You may incorporate RNAseq data with Tophat/Bowtie in a single-step or in a two-step approach. We call the two-step approach 'iterative mapping'. Single-step means that you map RNAseq data against the genome, create hints from the alignments, predict genes with AUGUSTUS with these genes, and you're done. The optional second step may increase the number of reads aligned to a splice site and may therefore increase gene prediction accuracy. For the second step, you need to generate a exon-exon junction file that you provide to Bowtie as a database. After the second round of alignment, you map the alignments back to genome level, create new hints and run AUGUSTUS with the new hints, again. We recommend the two-step method!

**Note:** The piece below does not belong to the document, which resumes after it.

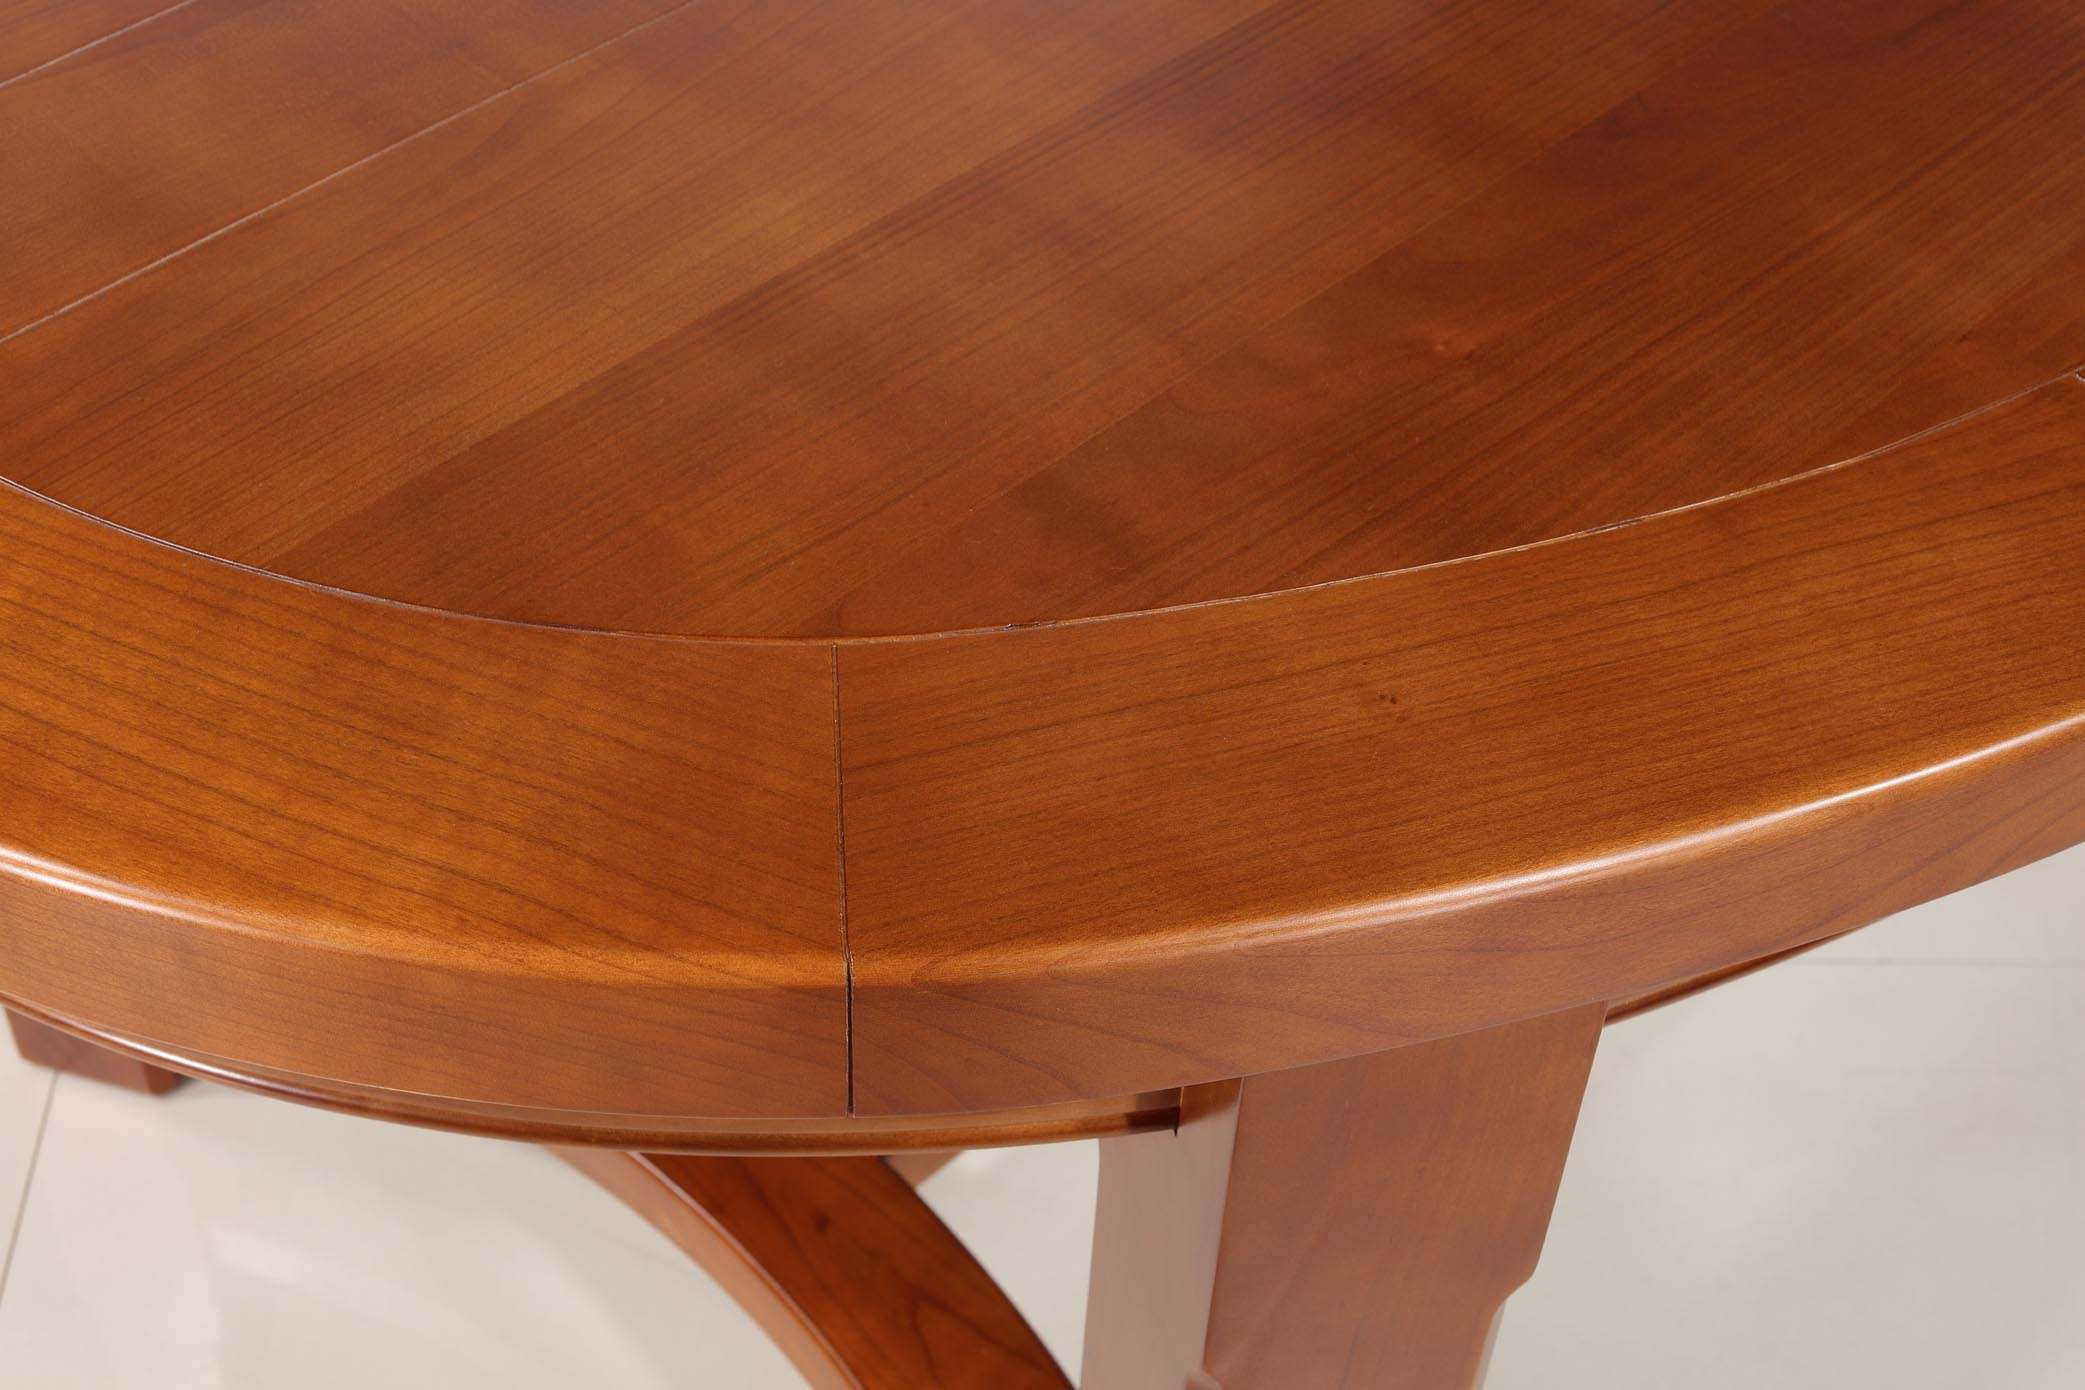 Table de ferme ovale Dora en Merisier Massif de style Campagnard ...

Illustration of iterative mapping
Before using Bowtie/Tophat for predicting genes with AUGUSTUS, consider the following advantages and disadvantages:
If you decide to use Bowtie/Tophat, we strongly recommend that you use Bowtie2/Tophat2 because Tophat2 has an increased sensitivity for intron discovery when compared to Tophat(1).

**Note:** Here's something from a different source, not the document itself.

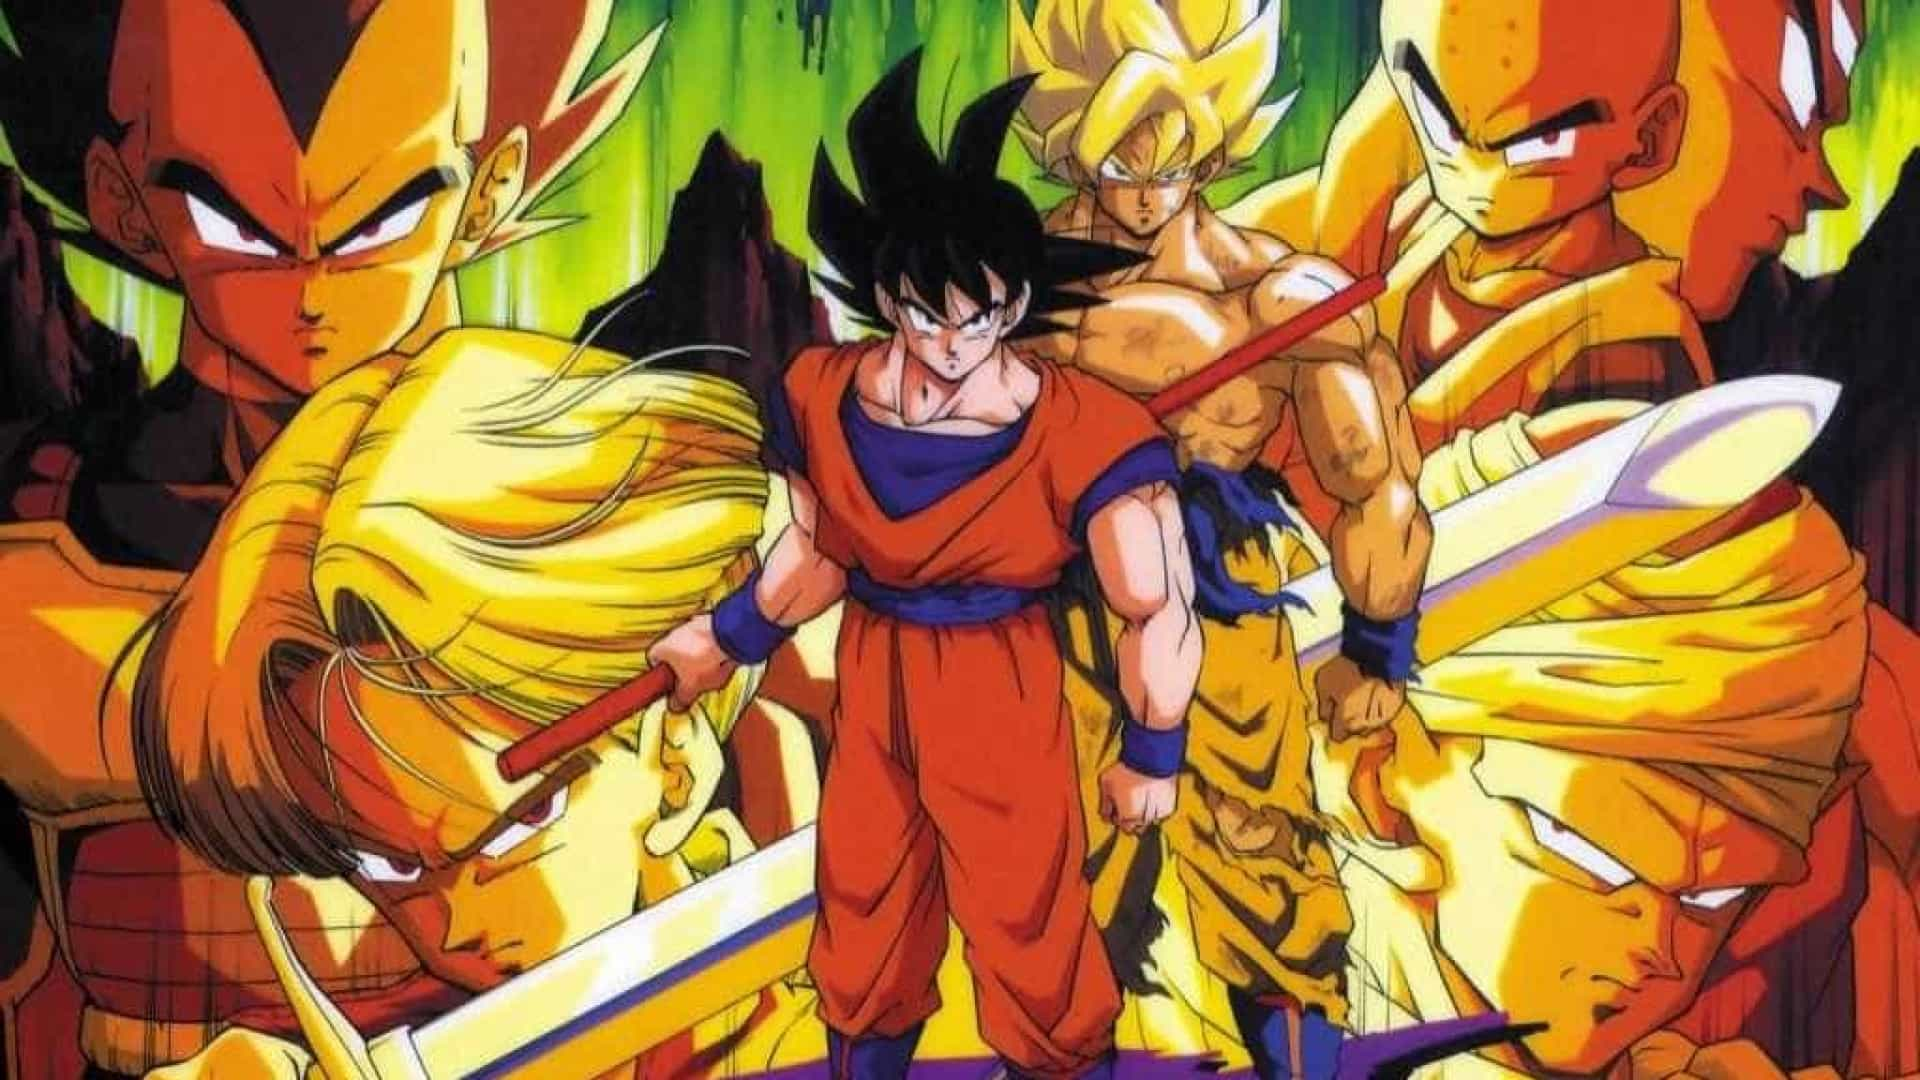 Dragon Ball Super 102 trará combates contra uma inimiga bem diferente

This protocol was tested with the following versions:
Please read the installation instructions of each toolkit carefully and follow their advice!
1. Genome preparation
We recommend that you repeat mask the genome prior mapping RNAseq data to the genome. AUGUSTUS should later be run on the unmasked genome, though. (You should rather include nonexonpart hints generated from repeat regions than running AUGUSTUS on the repeat masked genome.)
2. Read preparation
2.1. Paired read name convention
Since Bowtie/Tophat has the quirk to cleave off /1 and /2 that are commonly used as identifiers of read pairs, and since our filter tools need the pairedness identifier, we recommend that you modify the read names to contain -1 and -2 in the end of the read header to identify read pairs if you want to use paired data. An example of fastq entries that work with our protocol:
@HWUSI-EAS1671_0001:5:1:1022:10290-1 NCCACTTCTACGATGCCATGGATGGGCAGATACAGGGCAGCGTGGAGCAGGCAGGCCAAGGNNNGGNNAAGGAAG +HWUSI-EAS1671_0001:5:1:1022:10290-1 ########################################################################### @HWUSI-EAS1671_0001:5:1:1022:10290-2 NGCAGCTNNNNNAGGACTNNNNNNNNNNGCTNNNNCNNGNNCCTCCTCTGGAGCAAAACATGACCGGCGTTGGGG +HWUSI-EAS1671_0001:5:1:1022:10290-2 ###########################################################################
Since our protocol currently does not support native paired alignments, you do not have to create separate files for the read mates!
2.2. Quality trimming
In our experiments, we obeserved a decrease in gene prediction accuracy if the reads were quality trimmed prior alignment (we tested accepted error rates of 1% and 5%), although Bowtie/Tophat aligns more reads if they were quality trimmed. Therefore, we recommend to work with untrimmed fastq files.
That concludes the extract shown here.